# '85 Nishiki Cresta



## orbeamike (Nov 20, 2004)

After years of neglect and abuse from lending it to my brother, this summer I pulled out my old Cresta from the shed and gave it a well deserved overhaul. My intent is to build up a rando-touring bike with winter use in mind. Just today I finished wrapping the bars and its ready just in time for the raining season. 
The Tanaka fenders took a long time to install but I couldn't be happier with the outcome. I am not sure if I will ever get to use the front Nitto rando rack......but I sure like the look of it. I was a little worried not being able to find decent 27" tires for this old tourer but the Panaracer Precila Touring guard in 1-1/4 fit under the Tanaka fenders nicely. 
Tange 2 double butted cro-mo and full Suntour LePre drive train (minus the 105 levers).


----------



## MB1 (Jan 27, 2004)

Very pretty.

How is that Laprade seat post working with your Brooks saddle?


----------



## orbeamike (Nov 20, 2004)

Not sure what you mean.........it mounts like any saddle. The rails are standard width and diameter.


----------



## weltyed (Feb 6, 2004)

looks nice.

wish there were before picks.


----------



## Dave Hickey (Jan 27, 2002)

Very well done....that is gorgeous....


----------



## seeborough (Feb 3, 2004)

orbeamike said:


> Not sure what you mean.........it mounts like any saddle. The rails are standard width and diameter.


Is that a Brooks Colt?


----------



## orbeamike (Nov 20, 2004)

Its a colt. Bought it in the late 80s. My very 1st Brooks.


----------



## seeborough (Feb 3, 2004)

orbeamike said:


> Its a colt. Bought it in the late 80s. My very 1st Brooks.
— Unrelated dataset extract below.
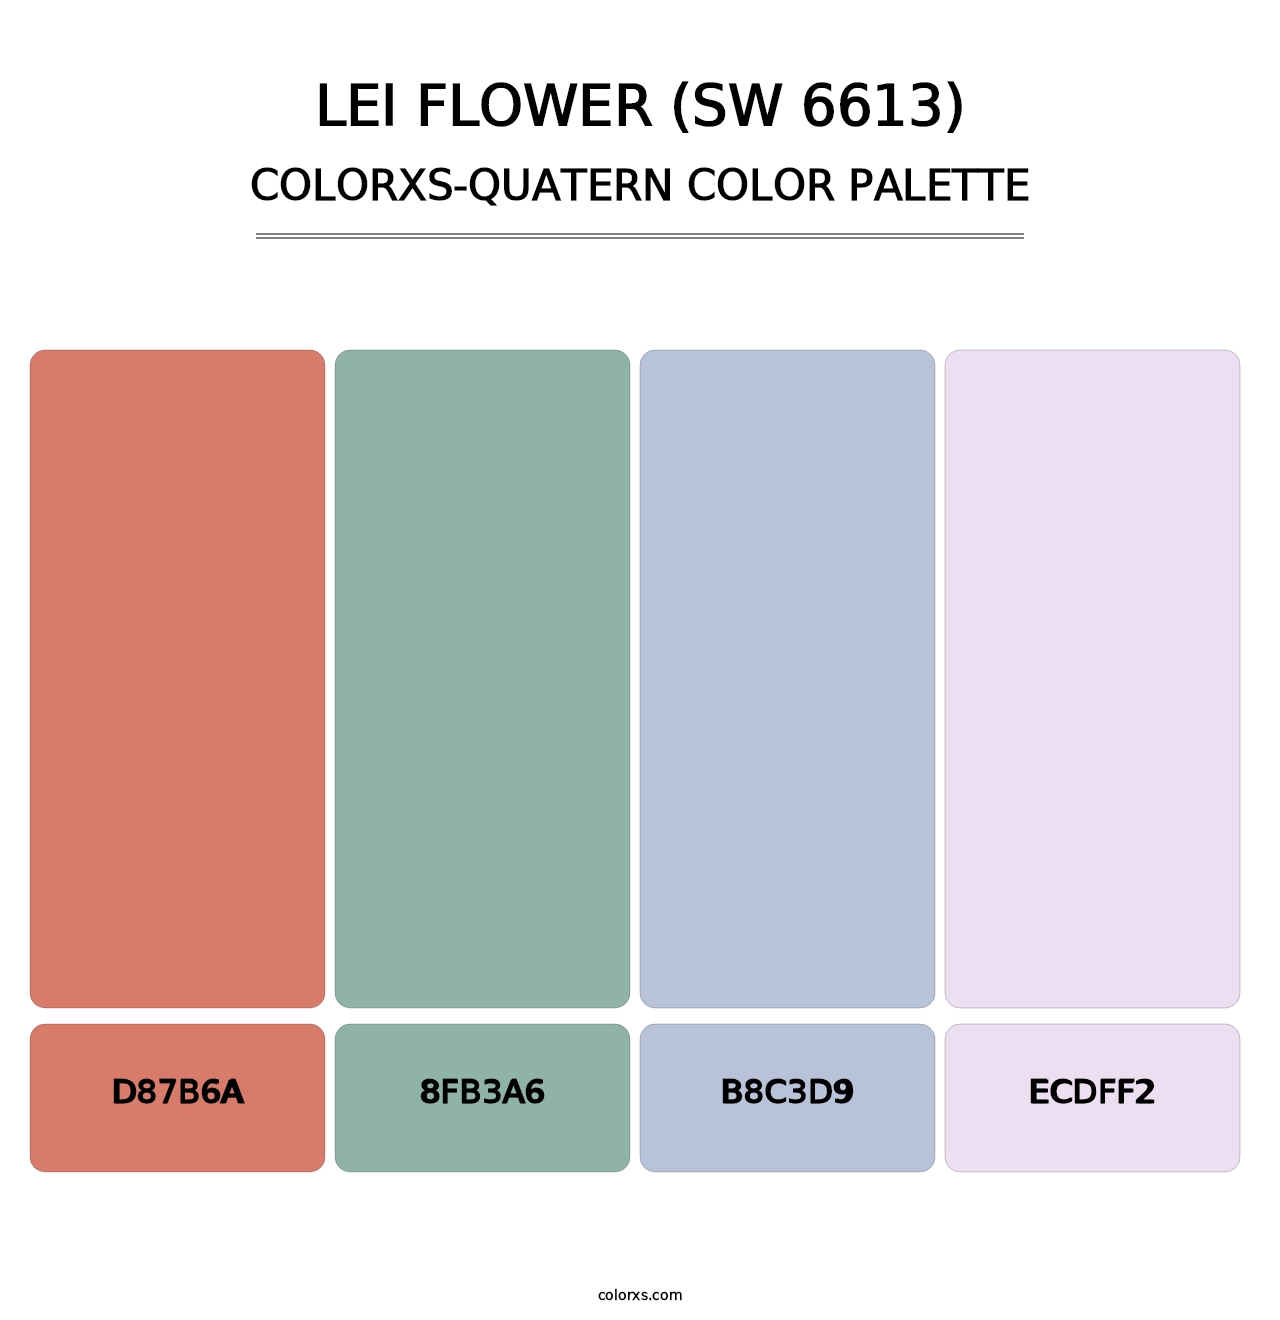 Lei Flower (SW 6613) - Colorxs Quatern Palette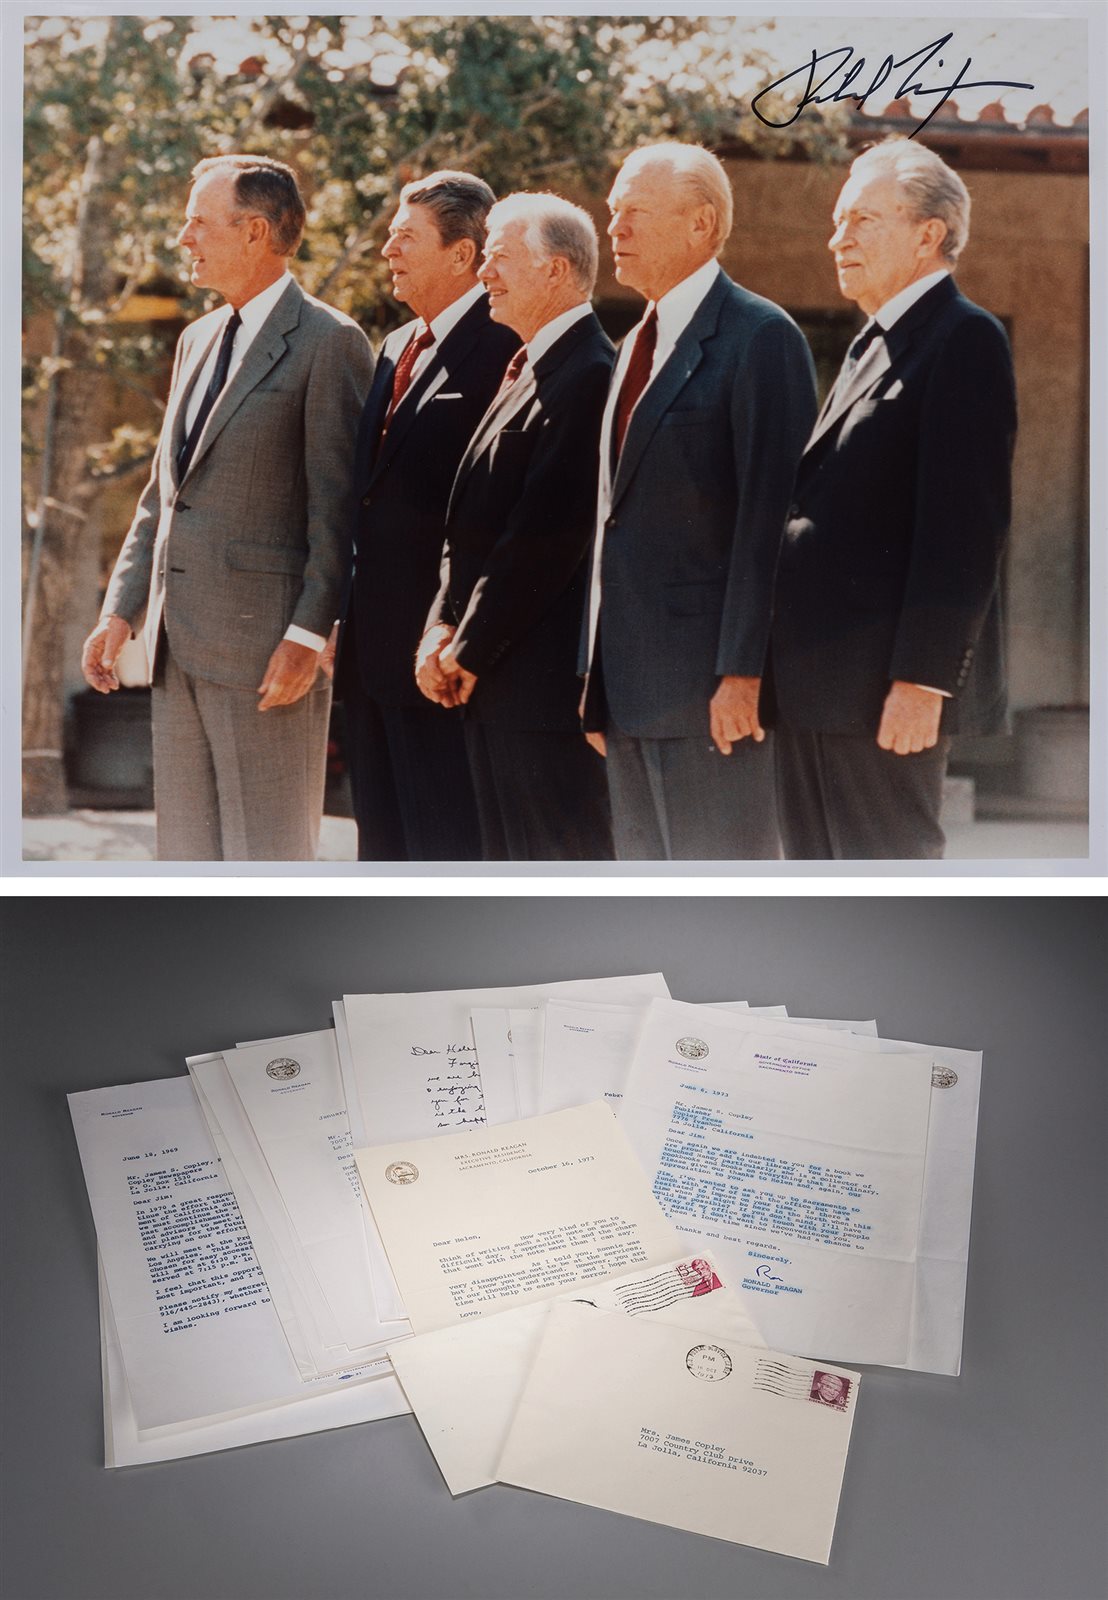 美国40任总统里根任加利福尼亚州长期间签名信札20件及五位总统合影签名照片

Same here. I sold my car in college and got mine on my very first race bike, an '85 Peugeot Je-ne-m'en-souviens-pas. It was the only thing I took with me from that bike when I moved to the US. 

Aaaah memoires...

P.S.: Very cool odometer.


----------



## Mapei (Feb 3, 2004)

Very handsome bike.


----------



## orbeamike (Nov 20, 2004)

Thanks very much, should have seen the bicycle when I first got it back from my brother... mismatched cycle cross tires, broken cheap black saddle, and a mountain bike bar. Rusty chain that made the loudest noise. 
Now the bike looks proper.


----------



## orbeamike (Nov 20, 2004)

Thanks very much, should have seen the bicycle when I first got it back from my brother... mismatched cycle cross tires, broken cheap black saddle, and a mountain bike bar. Rusty chain that made the loudest noise. 
No the bike looks proper.


----------



## TimmyCinAZ (Feb 20, 2012)

*Sweet!*

Nice ride, my man! I have the same bike, along with the original owners manual. Picked it up from the original owner. However, it's not getting much use. Anyone can feel free to message me if they're interested. I think it's a 58cm. I will provide more specific details to whomever contacts me.


----------